Drinking games sunk to a new level last night. With only three people, Tropical Blend fruit juice, Sprite, Smirnoff vodka, and a pile of magazines, we were able to entertain ourselves for hours. Starting innocently enough with picking our top five hottest celebrities, the game soon progressed to Who Would You Most Like to...uh, Kiss. The game consisted of two people guessing who the third person was going to choose. If you got it wrong, you rolled the die and drank (unless you got a six, which then passed the drinking back to the chooser). The magazine selections provided us with some great "never-to-forget" nights and some definite "what-was-I-thinking?" nights. And then we passed out.

[special thanks to Katie for getting us ice]

9.13.2002

I just found out that you're not allowed to eat soft cheeses (e.g. feta, brie, etc.) when you're pregnant because of the possibility of bacteria. "Another reason not to get pregnant," I said to myself as I delved into my feta-covered mini pizza.

9.12.2002

One thing I find fascinating about working for a large company is the impact of the "finally-putting-a-face-to-a-name" moment. I probably email or call thirty people on a regular basis that I have never met in person. But when I finally do meet them, I know it will be interesting. In the past, the experience has always shown the person to be older/younger/nicer/meaner/whiter/ethnic-er than I expected them to be and who knows what they're thinking about me! This isn't even counting the dozens of professors I'm in contact with on a daily basis. They all just think I'm related to Carlos Santana (which I am...two of them to be exact...just not THAT Carlos Santana).

9.11.2002

What is it about computer games (or video games, for that matter) that turn adult men into sloppy, brainless globs of nothing? And men out there, I don't want to hear about how it's the exact same thing for women when they go shopping...shopping requires constant brain activity (e.g. prior knowledge-"Do I already own one of these?", reflection-"This is much cuter than the one I saw so-and-so wearing.", judgement-"I'll have to wait until these are on sale.", etc.) Though it hasn't been studied yet, I would even say shopping might actually make us smarter - and definitely cuter! Can you say the same for your Warcraft/Madden200?/EmpireEarth/(put appropriate geeky title in here) games? I didn't think so.

9.10.2002

I just noticed that someone tampered with my emailLabs pen. It now reads emailbabes (with changes made in a dark, permanent marker). Which leads me to ask - are my co-workers really that bored?
In case you were wondering-

i.e. translates to "that is"
e.g. translates to "for example"

9.09.2002

This past Friday, Adrian and I went to see 'One Hour Photo,' starring Robin Williams. Contrary to Anderson's belief that we would not like it because it was "a character study," we both found it to be quite a fascinating film. I was particular impressed by how well it was put together and how colors were used throughout. I was also happy that it didn't take long to forget Robin Williams was playing the lonely, creepy man.
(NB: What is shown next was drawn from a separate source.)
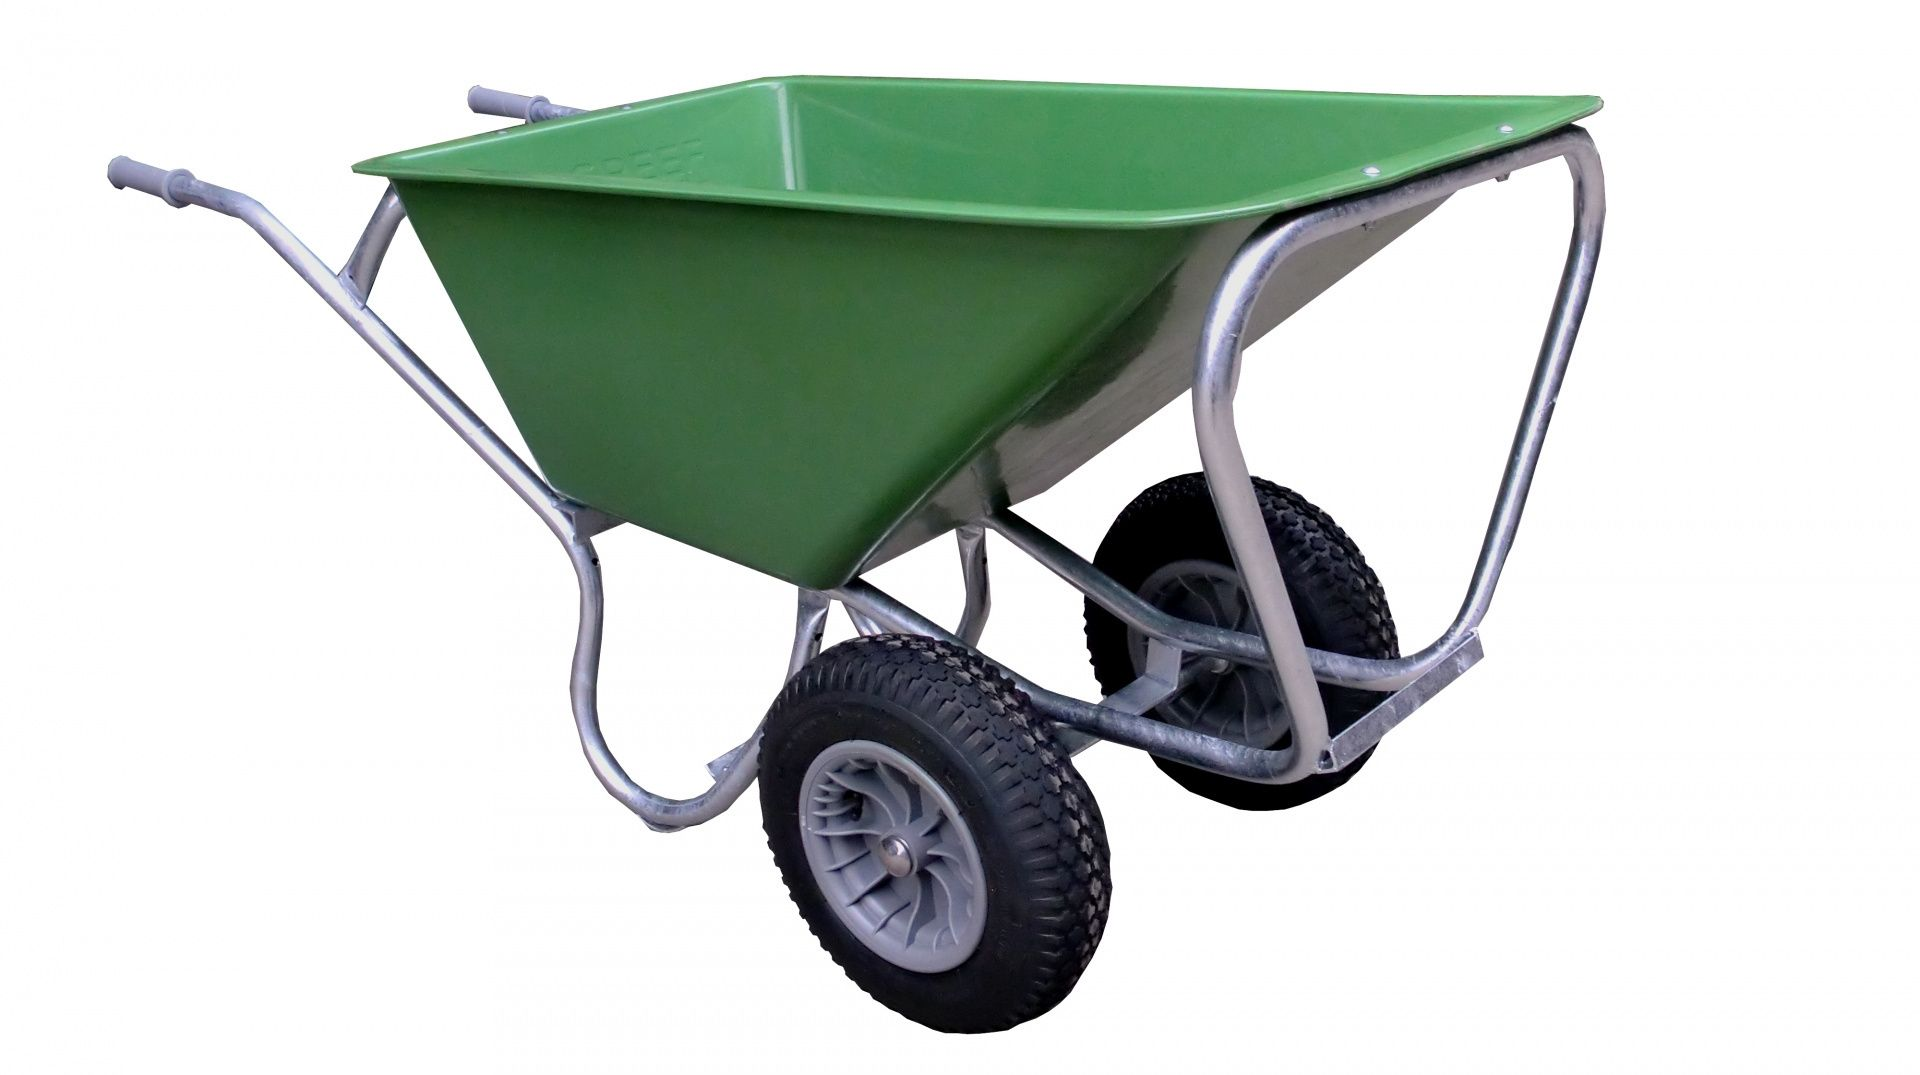 Stal kruiwagen Hummer Pro groen 160 ltr 2 wielen

In other news, we rented 'The Rookie' last night, starring Dennis (not Randy!) Quaid. Adrian had been shying away from this film for a long time because it was both G-rated and a Disney film (though he went on to tell me 'The Little Mermaid' is one of his favorite movies, so go figure). I had heard nothing but good things about the film so I assumed it couldn't be that bad (bad equaling cheesy). Well, I was wrong. Halfway through, I had to admit that not only was the movie slow and unexciting, but that it was bad. Plain and simple, bad and cheesy. The only saving grace was that we rented the DVD version and were able to see interviews with the real Jim Morris and his family. Those 10 minutes made up for the rest of the film.